Having worked for more than four years on the Land Use and Circulation Element (LUCE) — a general plan update that will govern development in Santa Monica over the next 25 years — they’re billing the final two workshops on the voluminous document as a time for community members to celebrate the accomplishment, and to “see how your ideas have shaped the vision for the city’s future.”
The first workshop is scheduled for tonight at Lincoln Middle School, with another planned for later this month.
While planners are confident their draft version of the LUCE will move smoothly to the Planning Commission and then to the City Council for final approval this summer, not everyone is ready to raise a glass to the plan.
Comments on the environmental study that accompanied the LUCE from neighborhood groups and organizations like Santa Monicans for Renters’ Rights criticized the plan for being too lenient toward developers and for favoring commercial projects over housing.
Gregg Heacock, a local activist who is leading the effort to re-establish a Mid-City neighborhood group, said concerns about LUCE and the amount of commercial development it would permit remain.
He said residents aren’t convinced that development agreements, which typically allow builders to construct extra square footage in exchange for providing “community benefits” like affordable housing and open space, are in their best interest.

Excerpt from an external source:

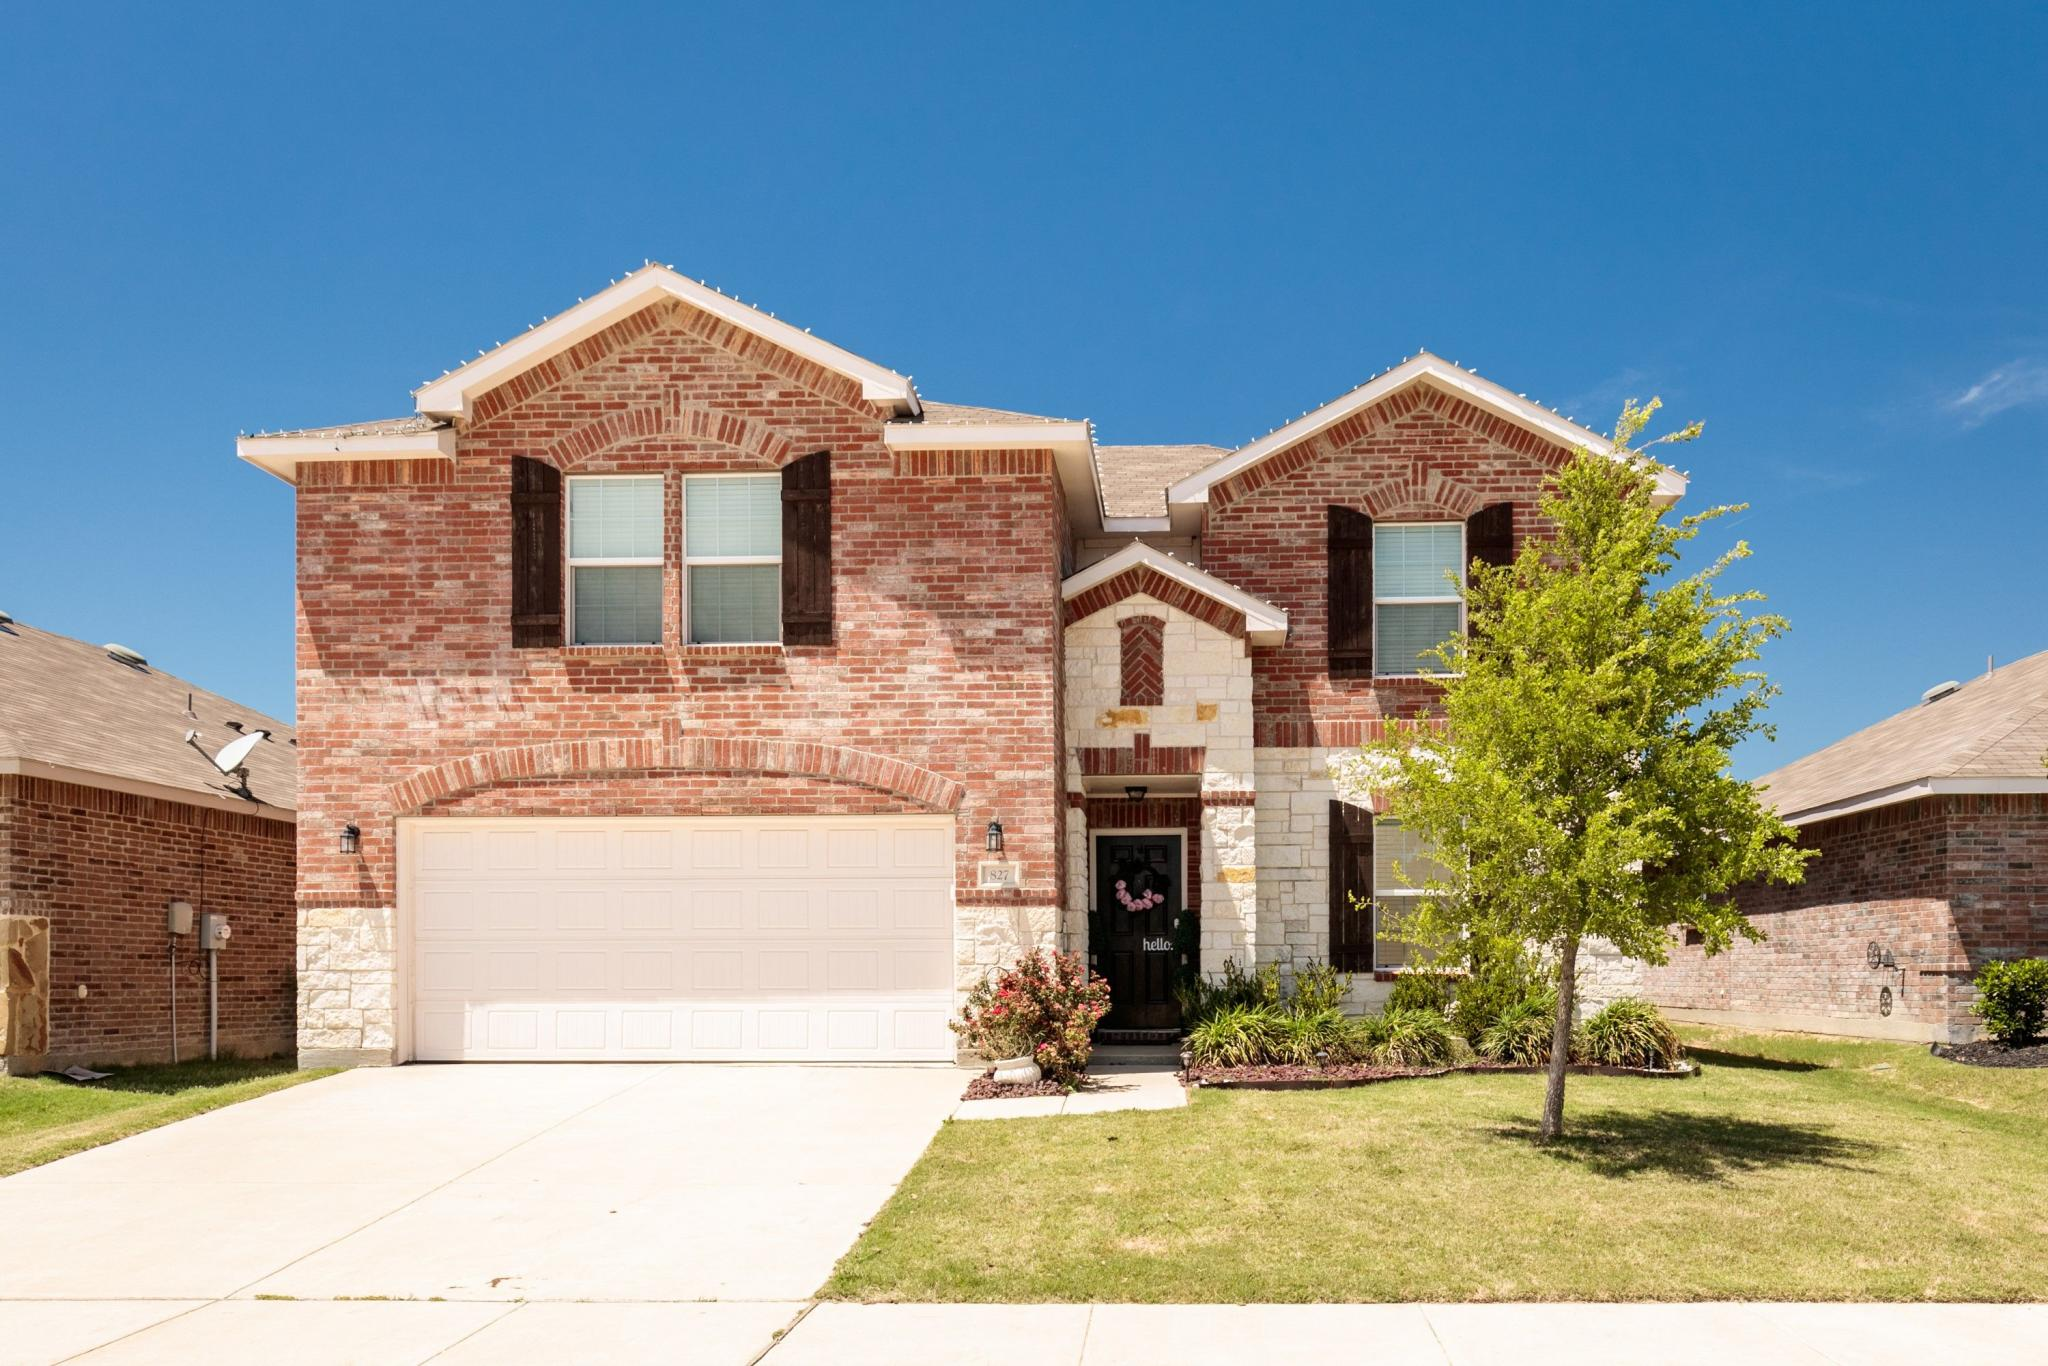 827 Underhill Dr Arlington TX Estimate and Home Details

Development agreements are a key part of City Hall’s oversight of new projects under the LUCE.
“What we’re finding is that the community benefits so far have seemed rather bogus or so slight that they absolutely don’t make up for the problems that are inherent when you add more stories to buildings,” he said.
Even more than the content of LUCE, Heacock said residents are concerned about how — and whether — its rules will be enforced.

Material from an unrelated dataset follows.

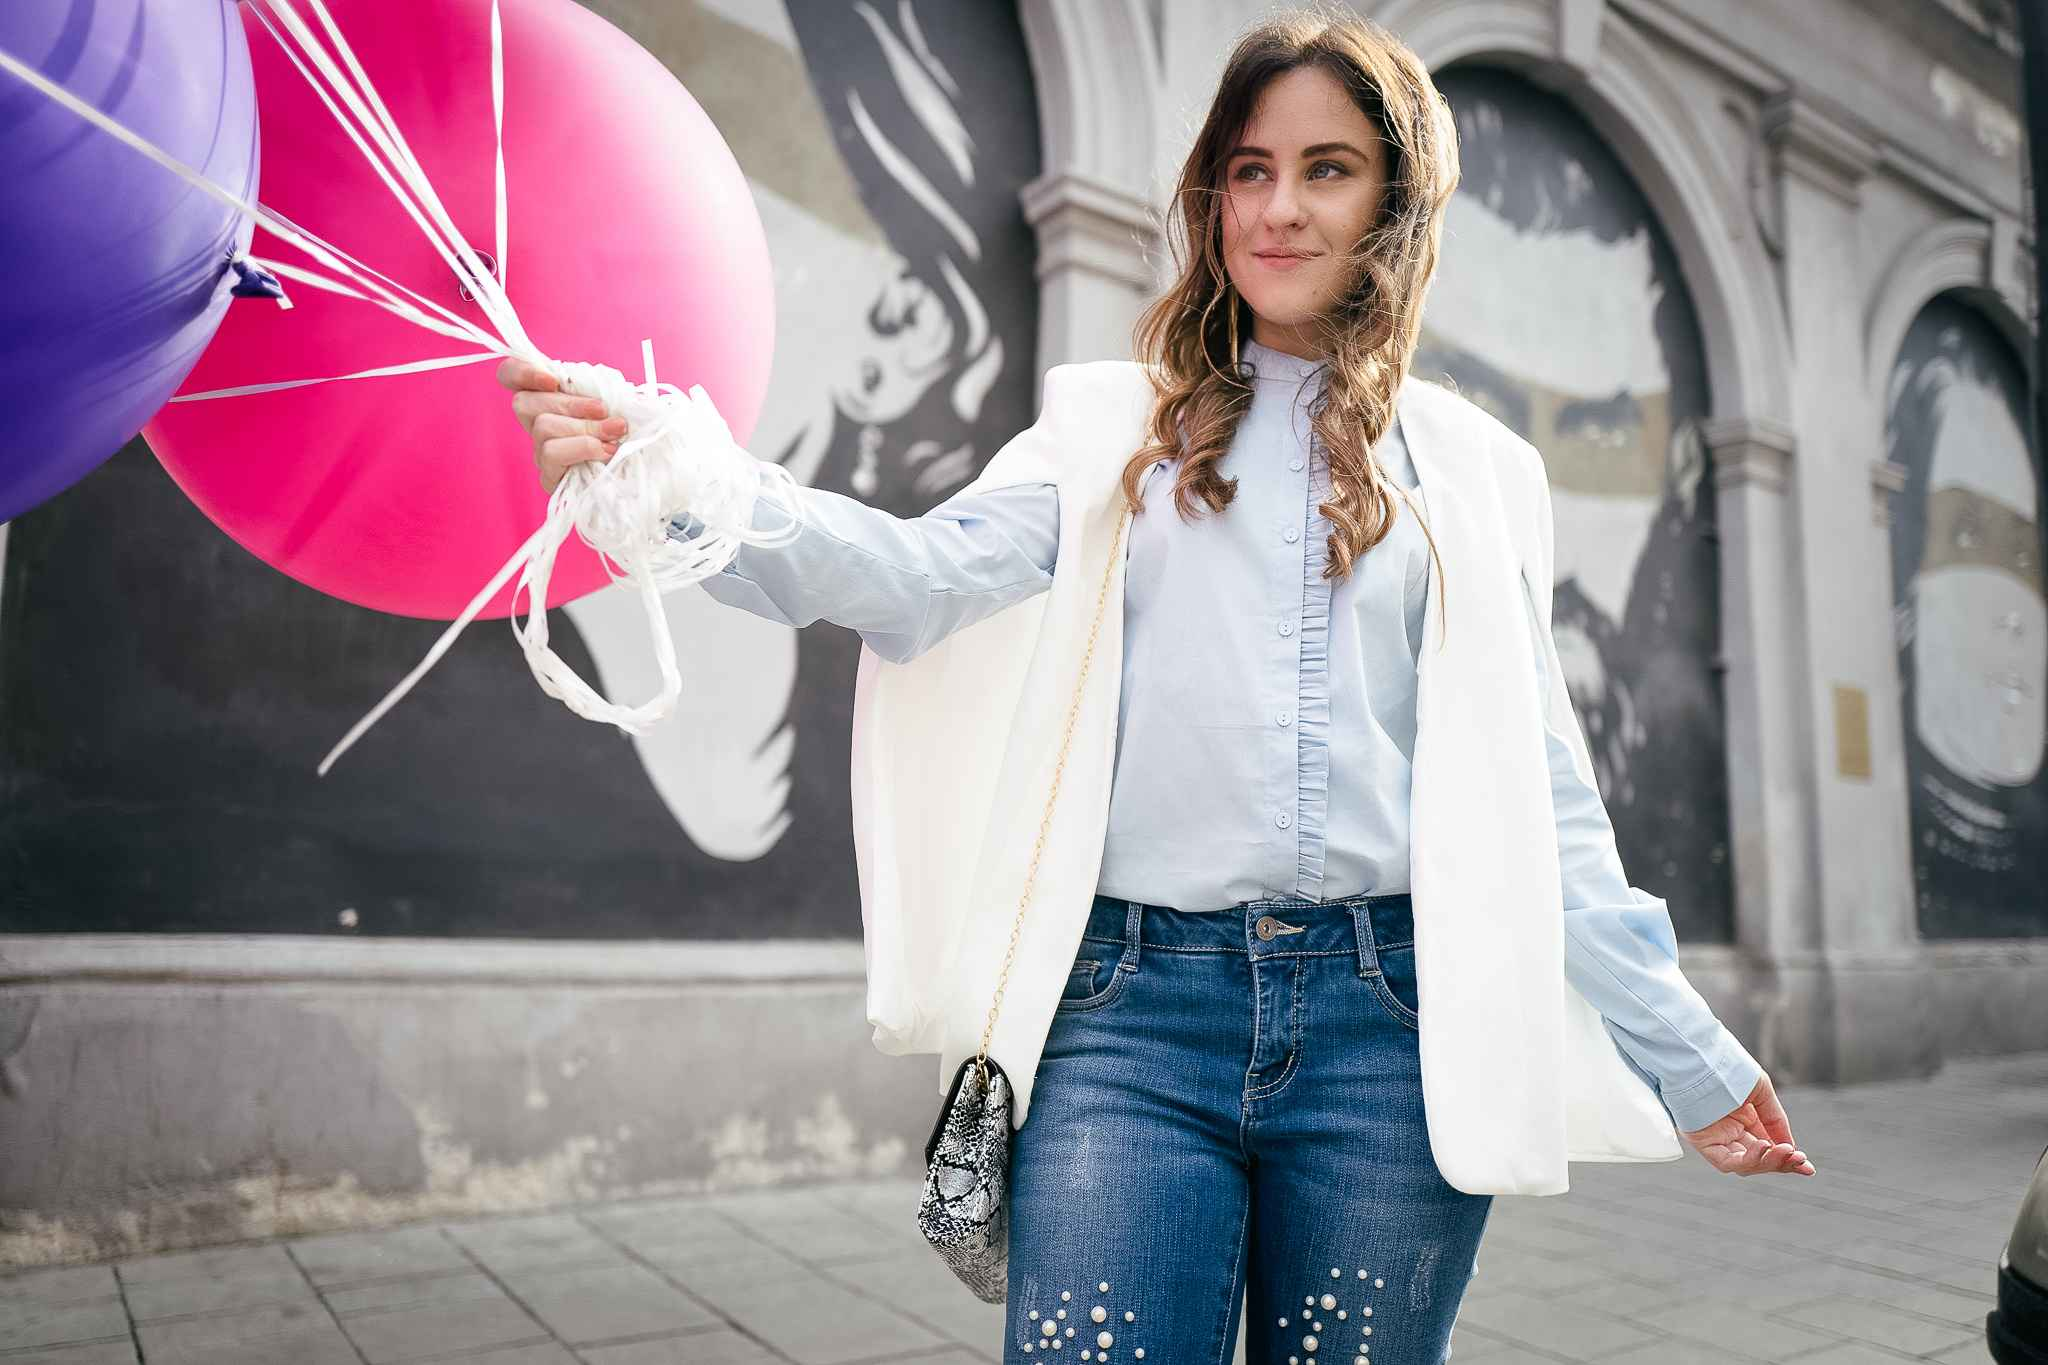 Bonprix Fashionblogger Krakau

City Hall recently admitted it had failed to conduct required annual reviews of development agreements and filed a lawsuit against one developer, CSHV Arboretum LLC, alleging the developer failed to live up to its affordable housing commitments.

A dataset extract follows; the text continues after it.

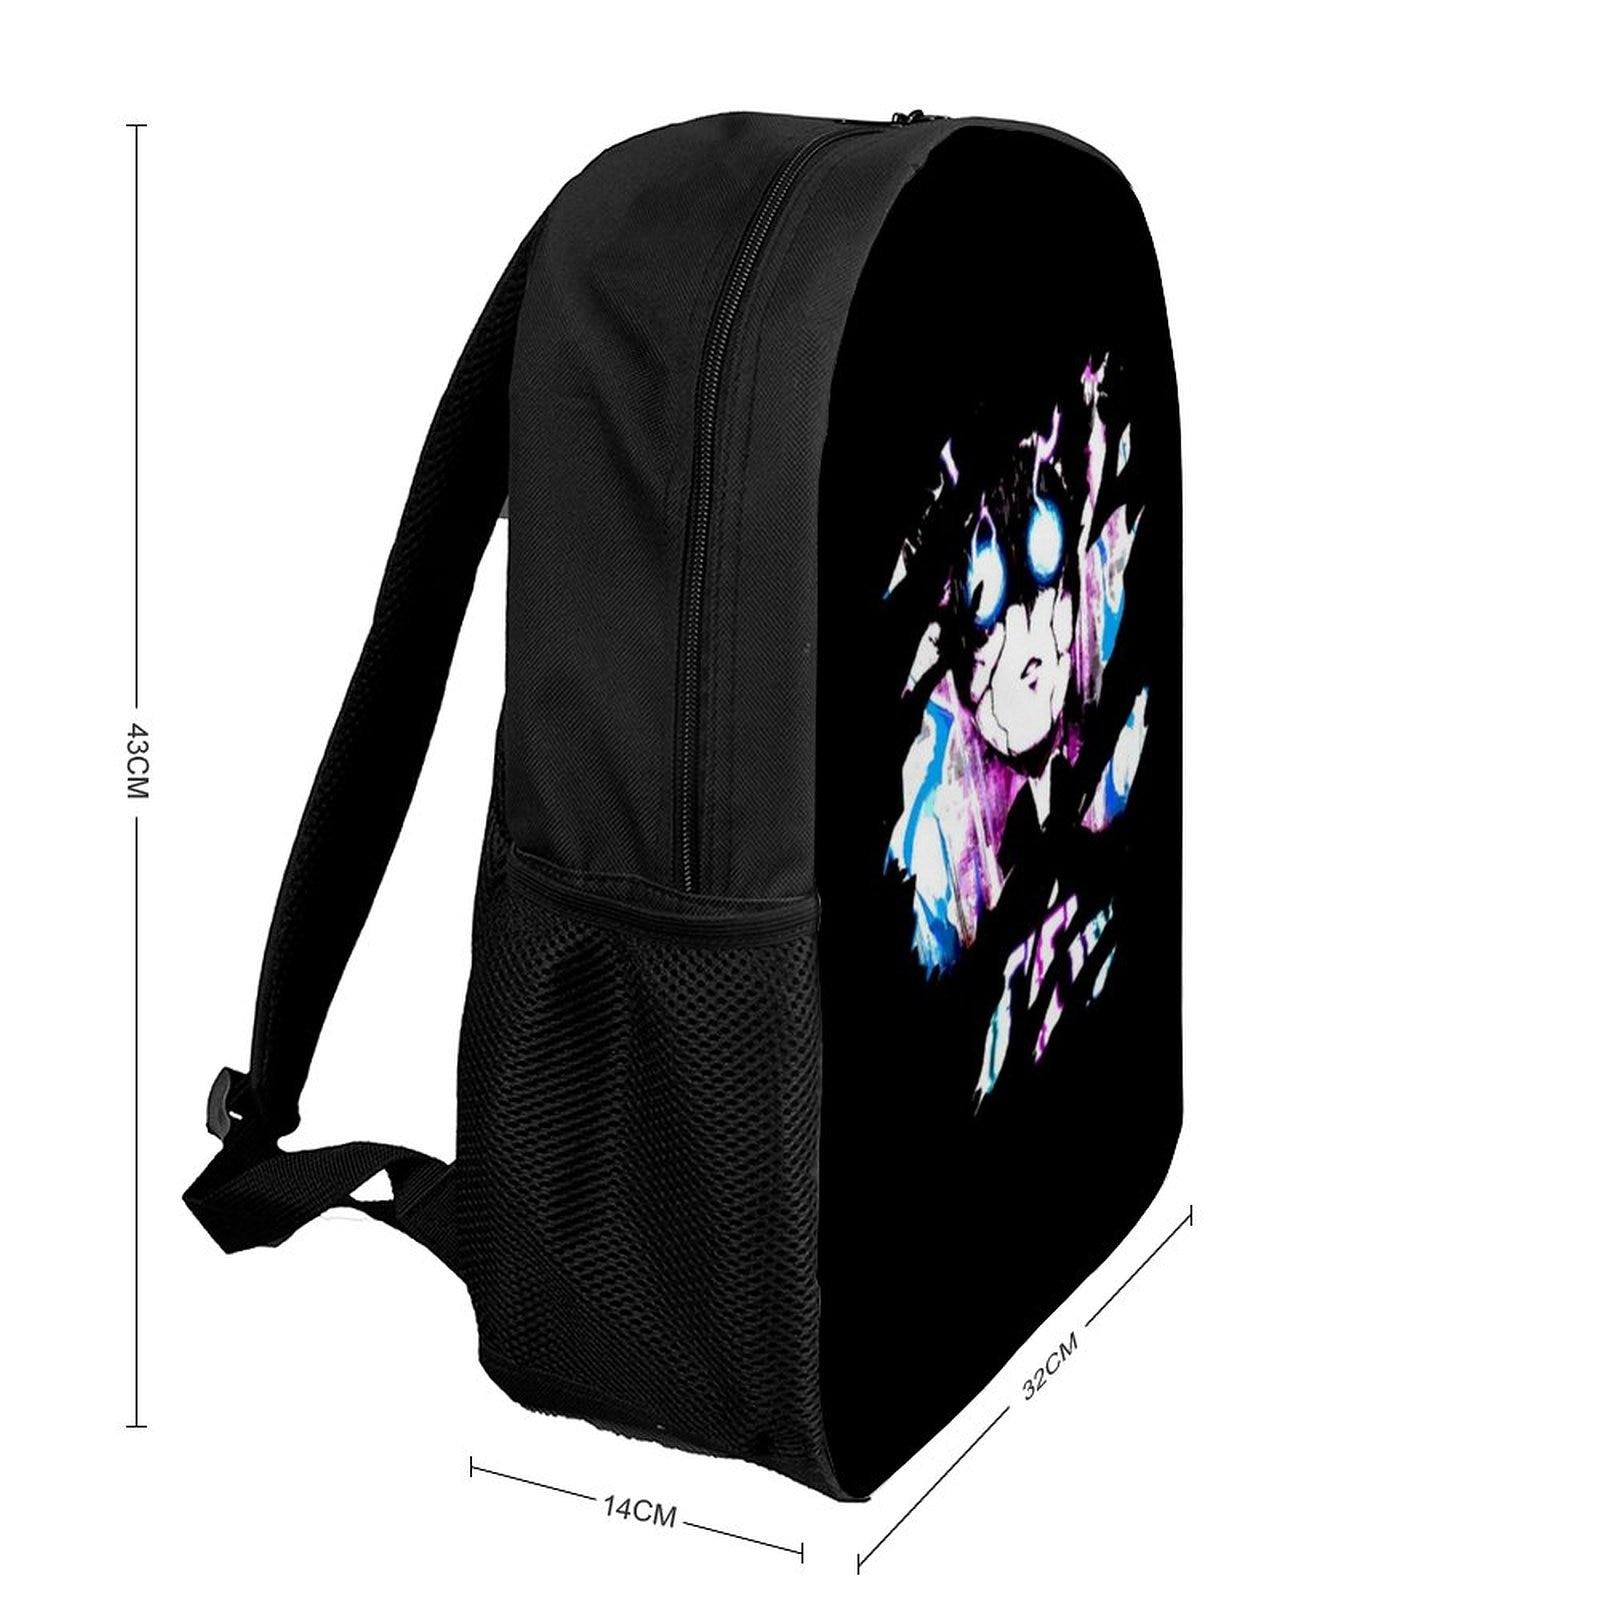 Hfeabc08c5dad493f9033aa51a53b3356z - Anime Backpacks

City Hall officials have said they are re-vamping their development agreement review process and have pledged to hold developers accountable. No plan to do so has yet come before the City Council, and at least one council member, Kevin McKeown, has said the development agreement review process should be codified in LUCE.
Others, like Zina Josephs, president of the group Friends of Sunset Park, believe the document has failed to address their most important concerns altogether.
The tens of thousands of additional car trips that would result from projects allowed under LUCE, Josephs said, would increase congestion on major north/south streets that cut through her neighborhood.
“We find that unacceptable,” she said.
Neighborhood groups aren’t the only ones who see room for improving the LUCE.
Gwynne Pugh, an architect and planning commissioner, said he believes “the major comprises have been made at this point,” though there are tweaks that he would like to see. Architects feel some building size limits are unduly restrictive and will make it difficult to design high quality projects, he said.
He said the fact that no group is entirely pleased with the draft LUCE is in the nature of the public process planners followed to formulate the document.
“This is really the end of a long process. It’s not like there hasn’t been a lot of input all along the line,” he said.
Planning Director Eileen Fogarty said while the workshops are “a celebration of getting to this point,” they’re also an opportunity for members of the public to have their voices heard. With the document almost finalized, she said it’s still important that the community weigh in on whether planners have appropriately addressed concerns raised during the drawn out process.